I would have also liked the pacing to work a bit better. Episode One is entirely set up with the Doctor and Romana not even leaving the TARDIS. In fact, we're halfway into Episode Two before they even enter the story properly. That doesn't overly bother me as that happened in Second Doctor stories too but even so, Episode One feels a little rushed with Meglos' plan not explained particularly well. Worse, the replay from the previous episode in each subsequent episode is quite long into what are already short episodes. It would have been so easy to cut down on this and perhaps even add a minute or so on the back end which would have given the story another one and a half to two minutes to play with and that could have helped the pacing out quite a bit.

As mentioned before, there is no build up to Lexa's sacrifice in Episode Four and little context around it. It's a casual dismissal of a character who was not needed any more. Similarly in Episode Two there is a long drawn out sequence of Romana getting attacked by a carnivorous plant to separate her and the Doctor. It is overly long and somewhat poorly shot, although that might have more to do with the obvious space limitations. Still, you get a sense that when the authors of the script broke down their story into episodic form, they found the cliffhangers and then found they had to pad their way between each of them and that led to the unevenness where something was slow here and rushed there.
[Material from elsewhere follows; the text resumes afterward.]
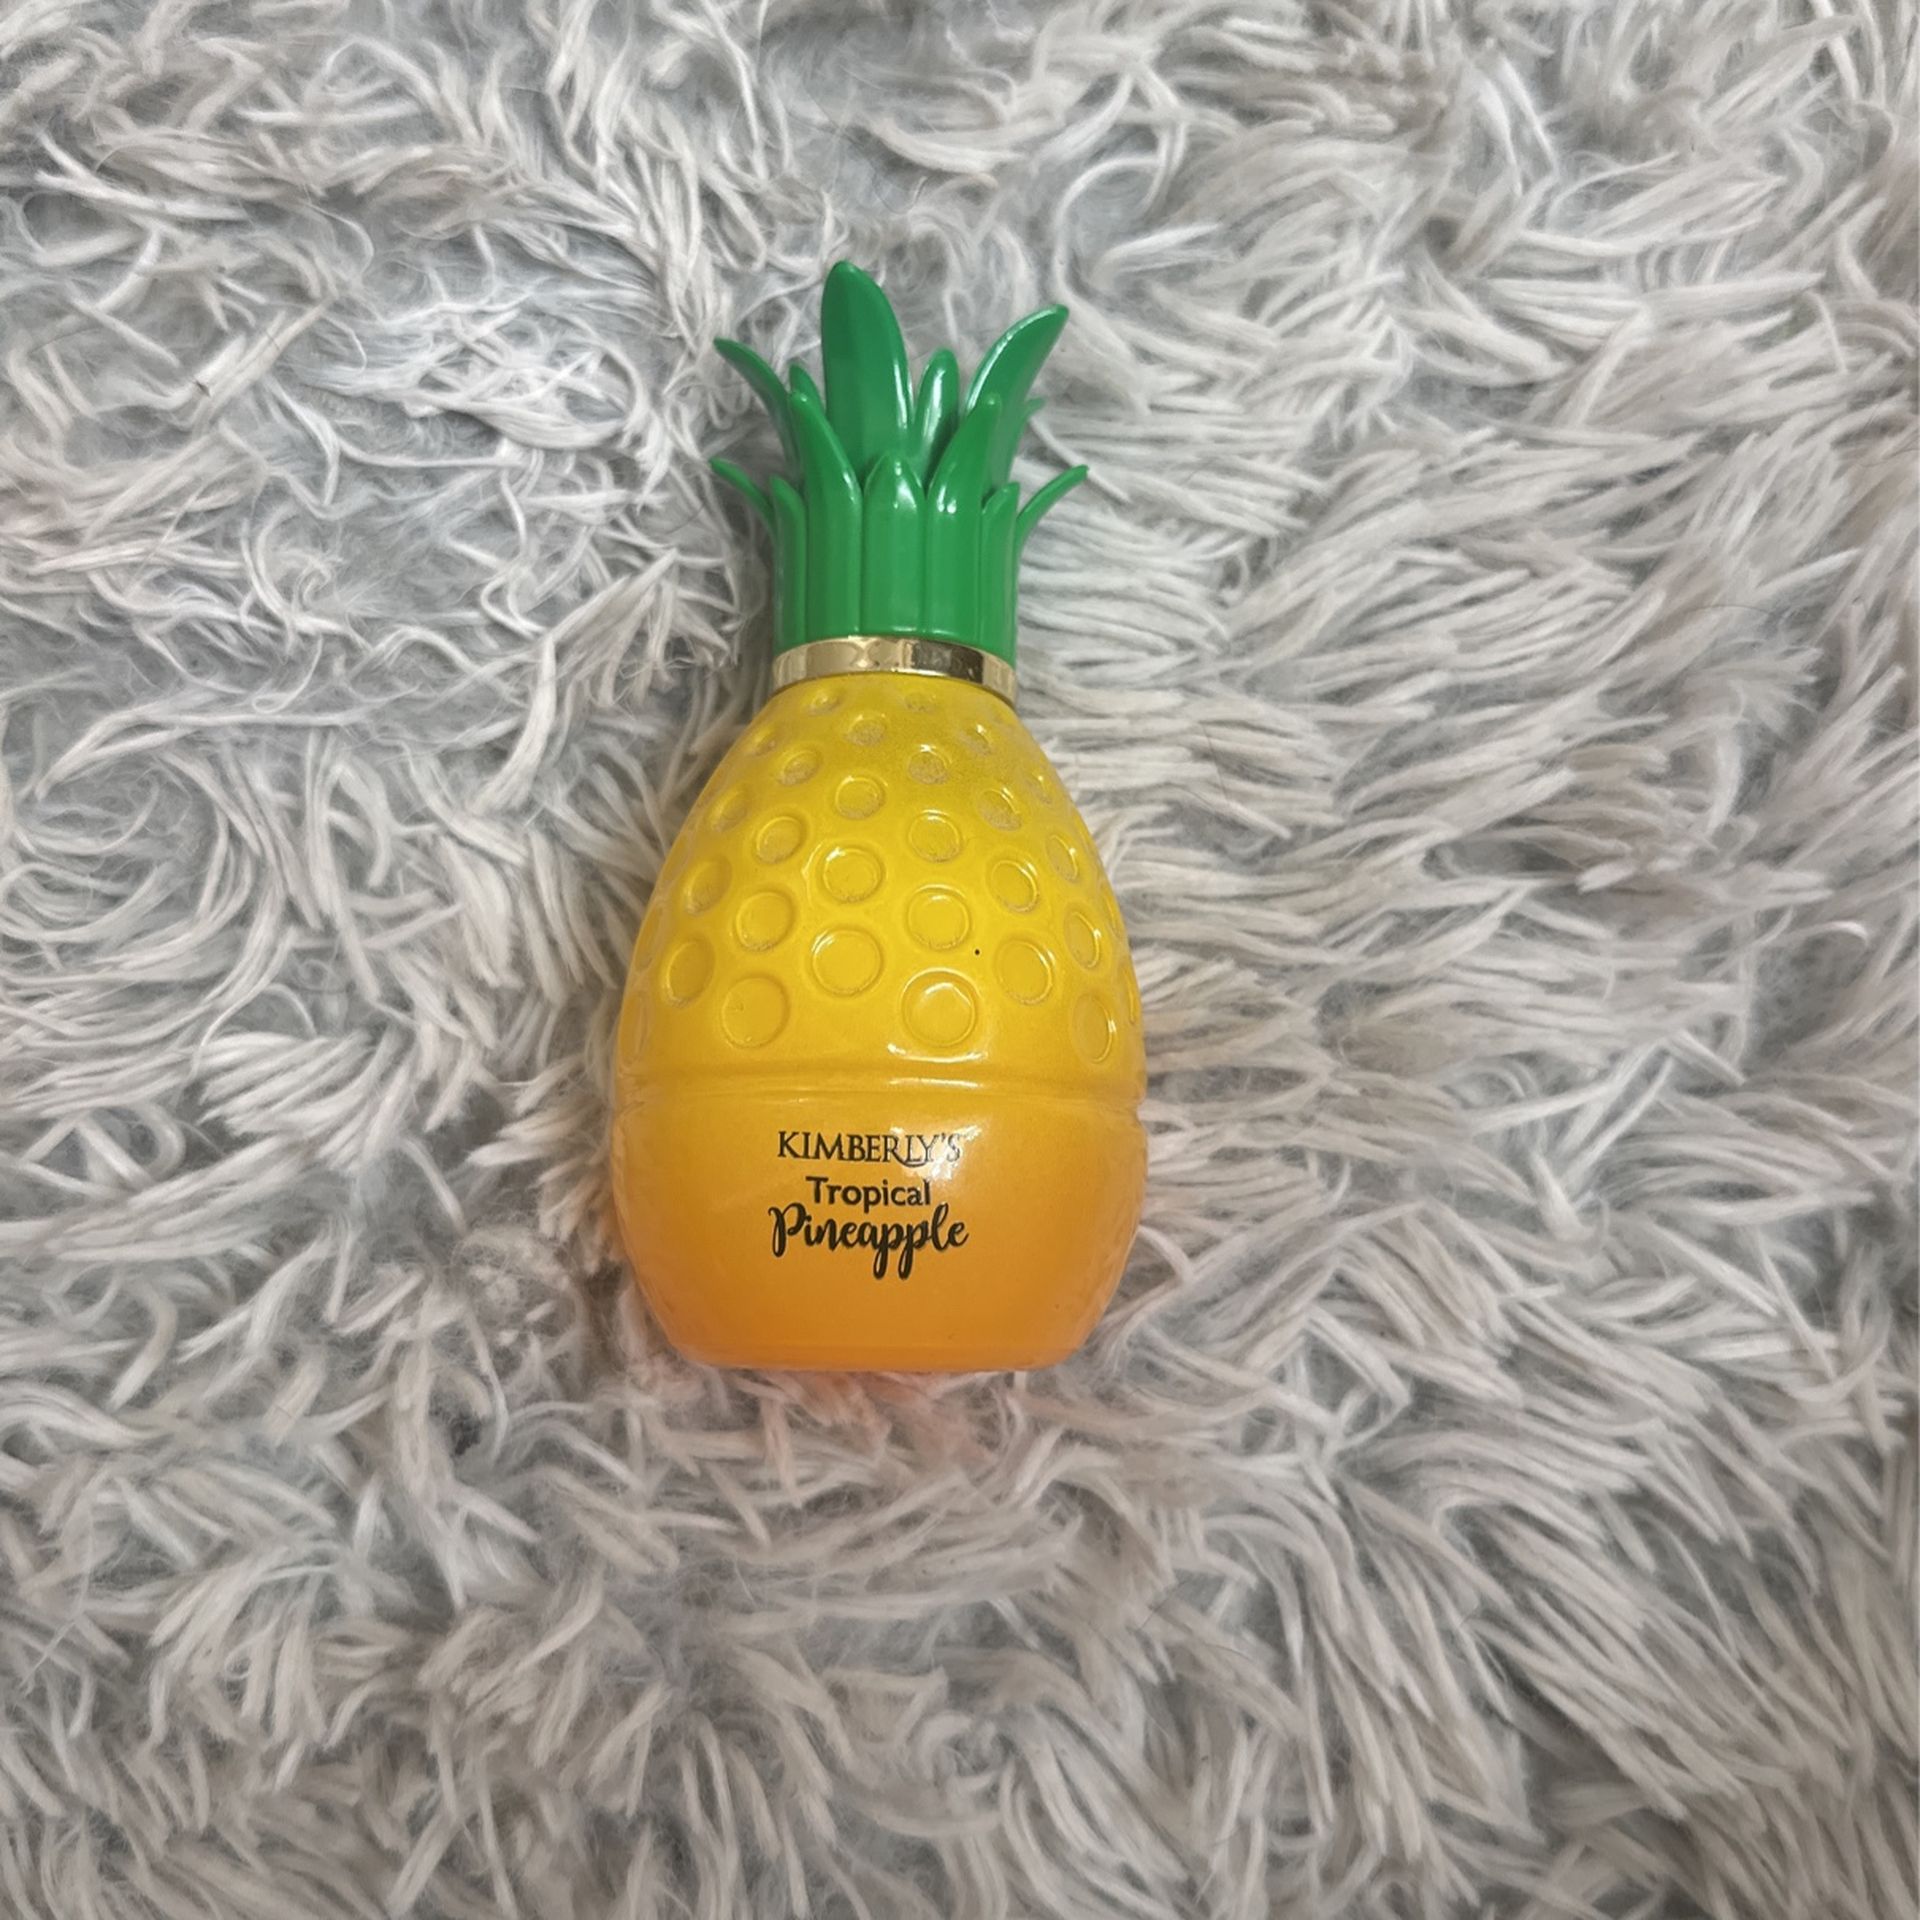 Kimberly’s Tropical Pineapple Perfume

All that being said, Episodes Two and Three are fairly engaging. Meglos doesn't dilly-dally and if it hadn't been for his being watched, he probably would have gotten away without too much effort. The interplay that Meglos is given in these two episodes are enjoyable, especially in his creep factor contrasted to the Doctor's jovial triviality. The principle problems lie in the slow development with a crammed backstory in Episode One and the rushed and poorly developed climax in Episode Four.

One other quick note. A lot of folks probably have problems with the poor green screening effects used whenever the story was on Zolfa-Thura. Admittedly, these are not great especially looking back at it 35 years later. However, I have a soft spot for these type of cheesy effects as they remind me of the similar type of cheesy effects seen in Faerie Tale Theater which I grew up on. I would also point out that unless you had a movie level budget (and sometimes even not then) these type of effects were about the best you could do. So while others might dislike them, I found them nostalgically charming.

Overall, I think Meglos is a story that would have benefited from a couple more rewrites. There is a strong kernel of a good story there and some decent casting to work with. I would imagine that if the writers knew they were going to get Jacqueline Hill for Lexa, they would have changed the dynamic of her character so I'm not going to put my disappointment regarding that on them. But there were some writing flaws as well as some directing miscues. Still, the kernel is enough that I would go back to this story a second time. It did convince me that my initial impression of it through hearsay was wrong but it would also be wrong to say that it didn't manifest different flaws in my eyes. Not overly poor but way too much potential left on the table.